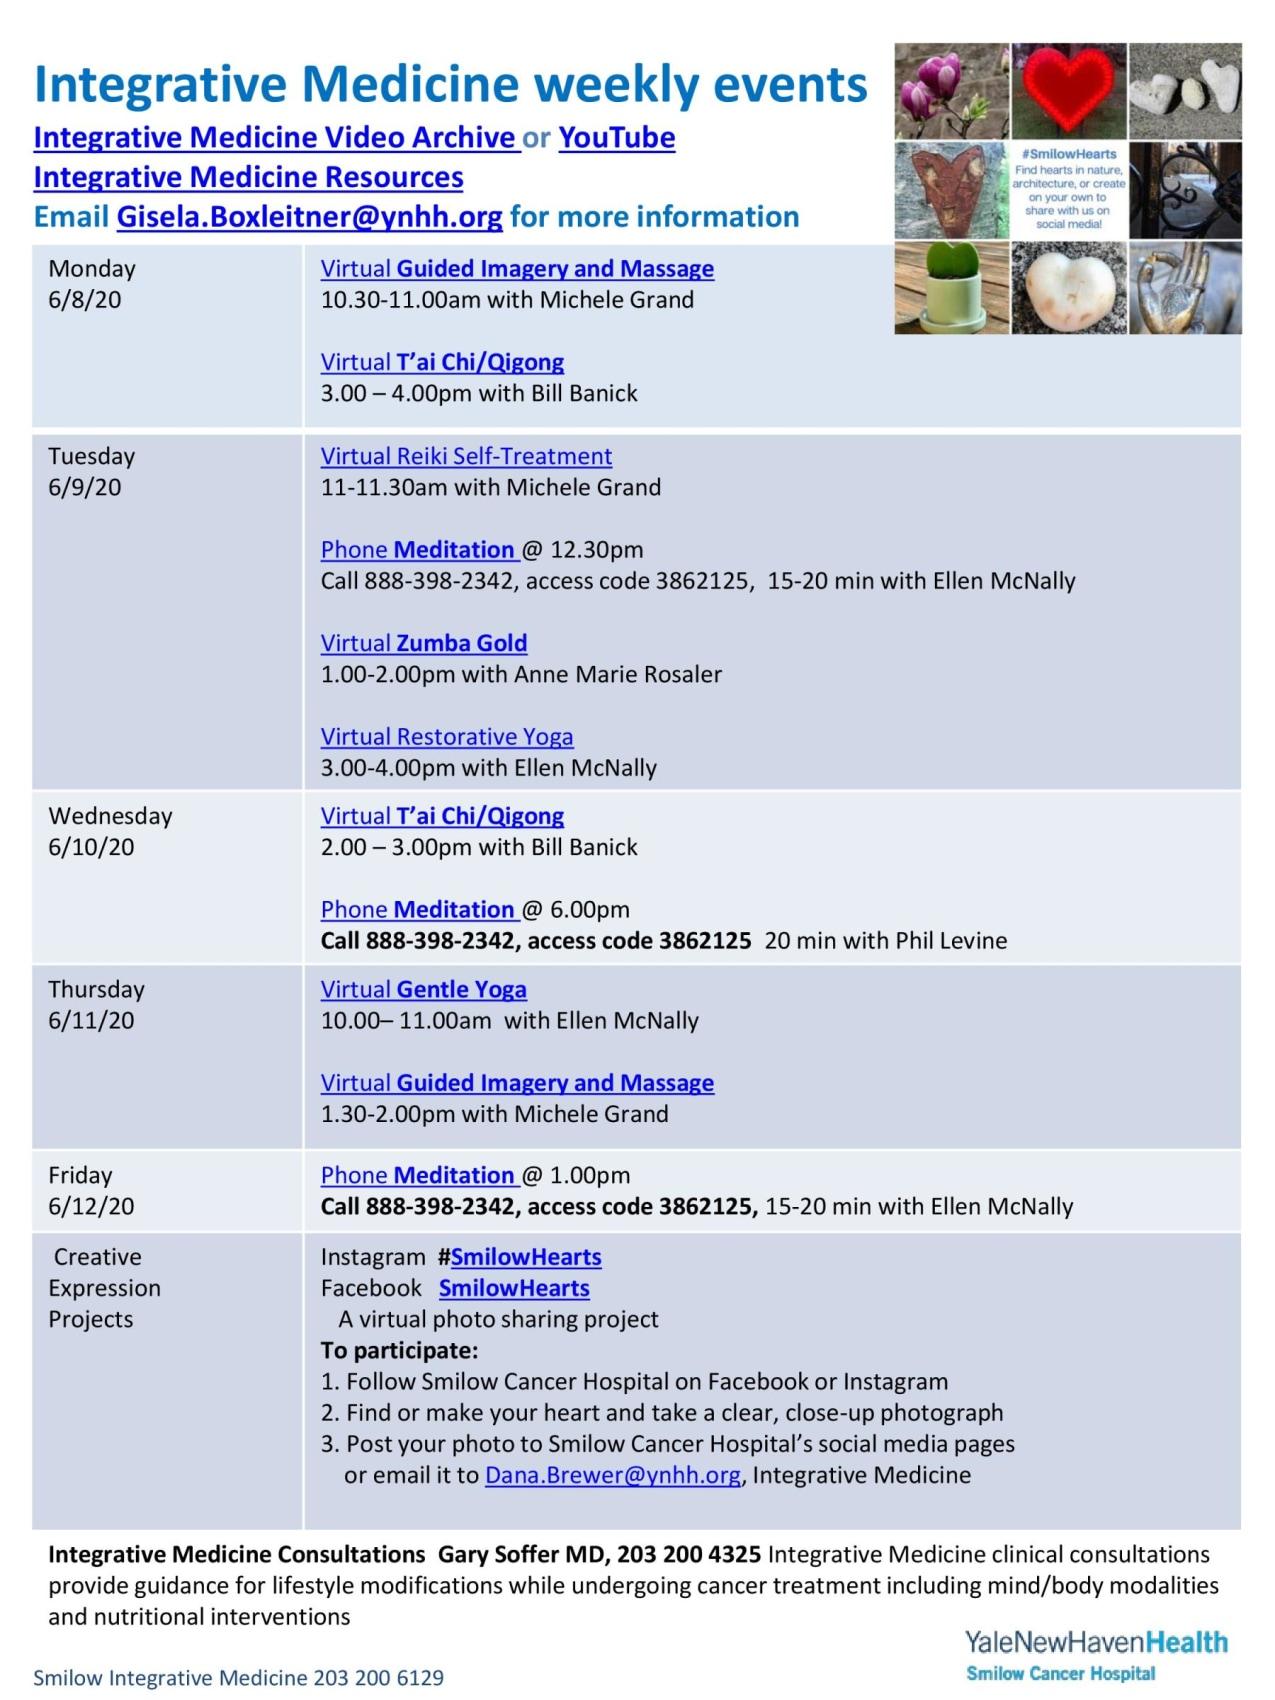 calendar of events for integrative medicine
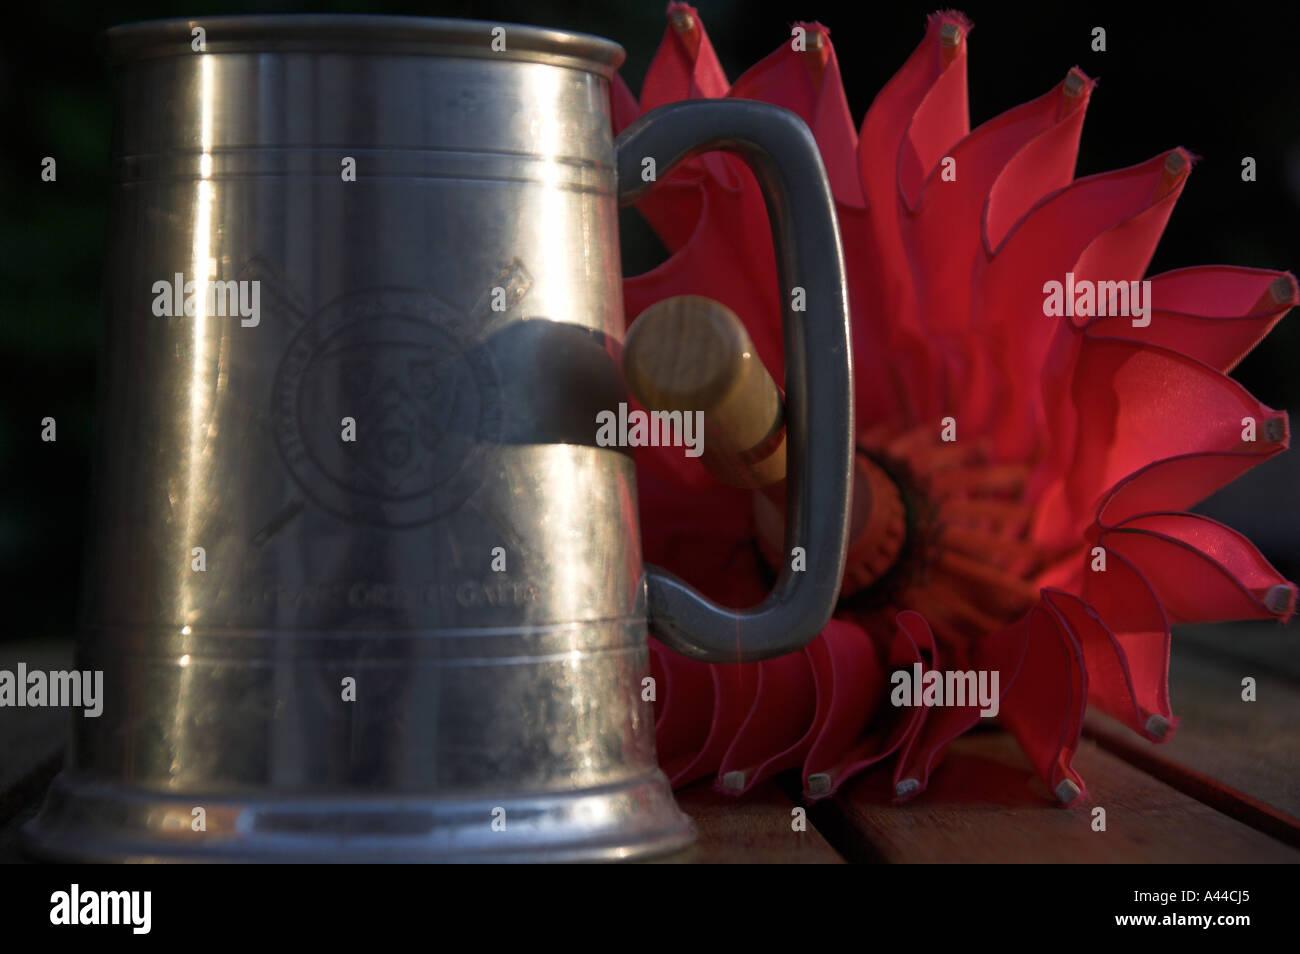 pewter mug with parasol handle - Stock Image
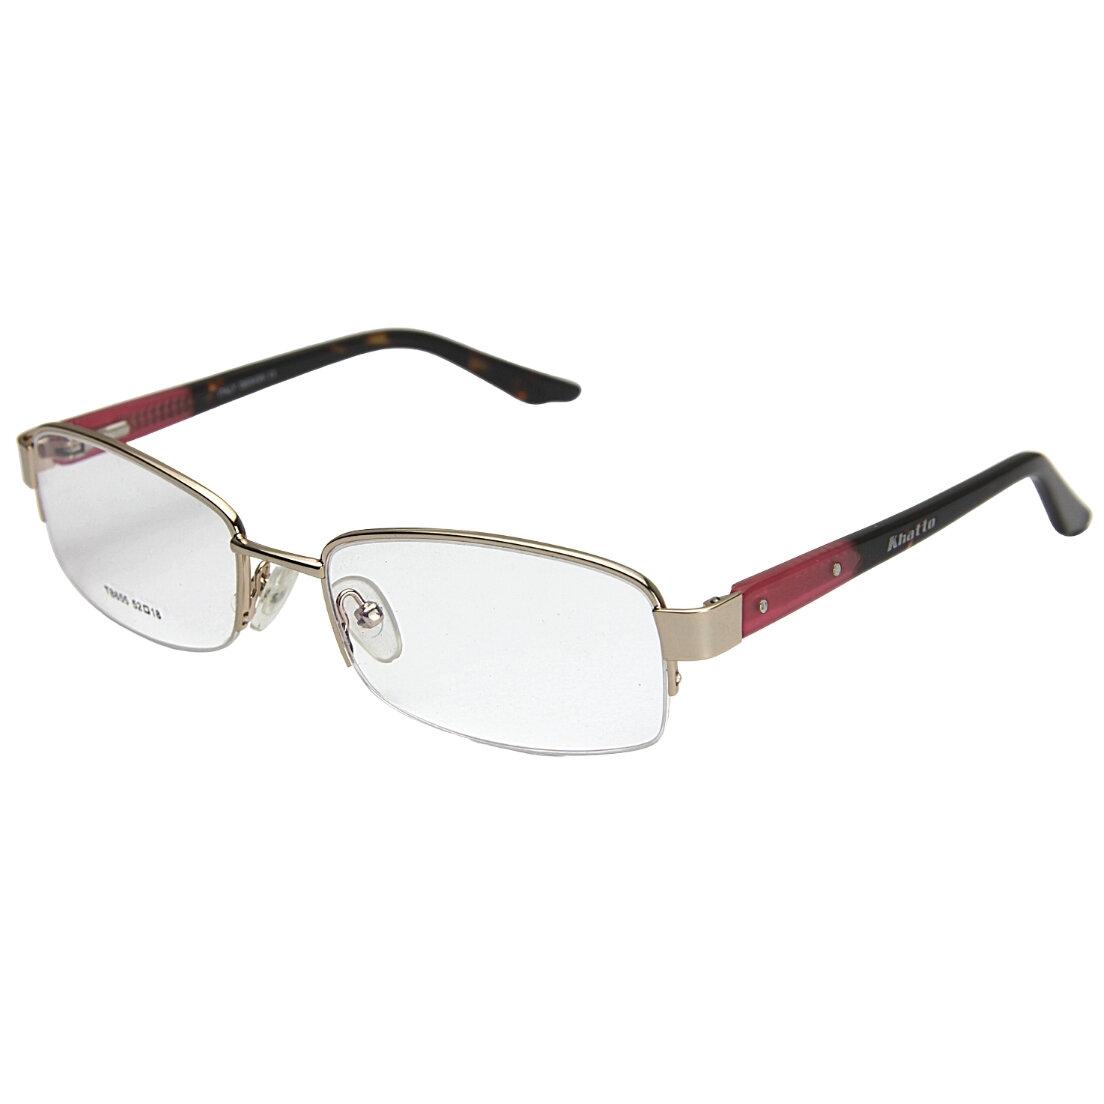 Armação de Óculos Khatto Fusion Color Italy - C143
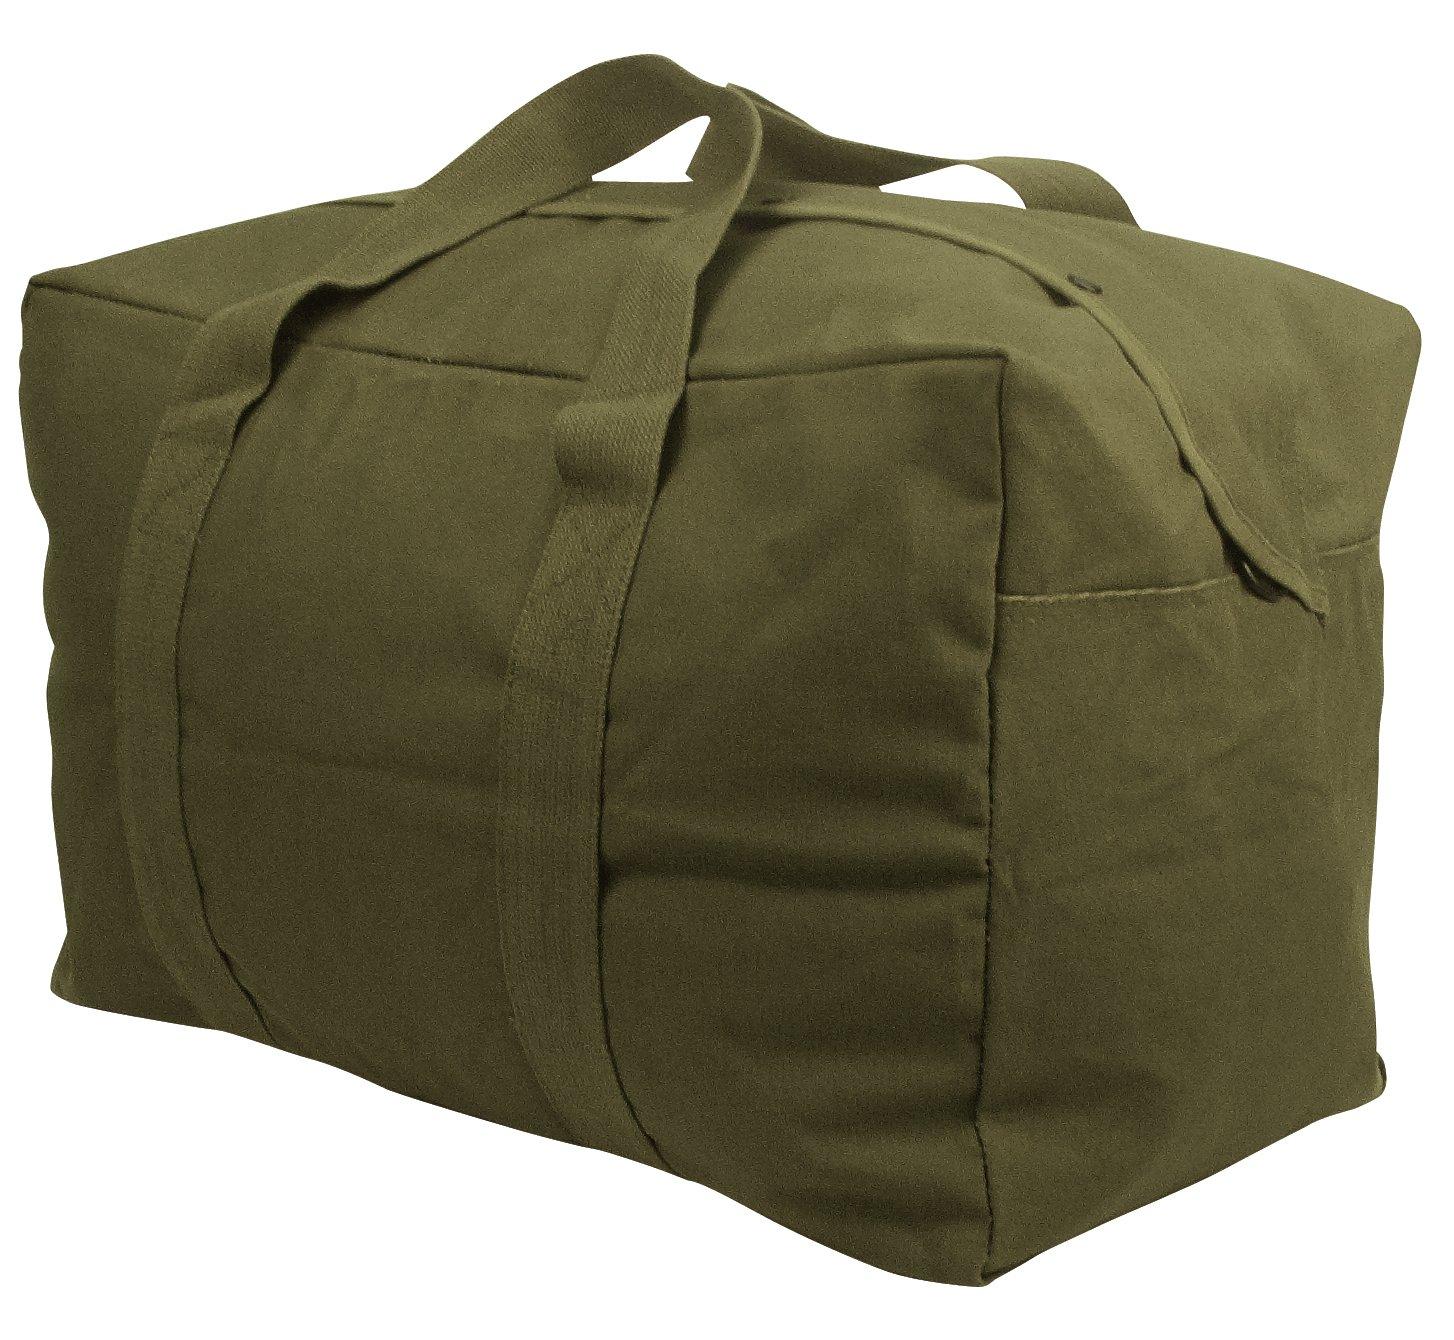 Rothco Canvas Parachute Cargo Bag, Olive Drab

......

Task description: From the line containing "Armação de Óculos" down to the final line of the material, restate every line word for word, and only those; drop the pictures.

Answer to this task:
 Armação de Óculos Khatto Fusion Color Italy - C143
 Rothco Canvas Parachute Cargo Bag, Olive Drab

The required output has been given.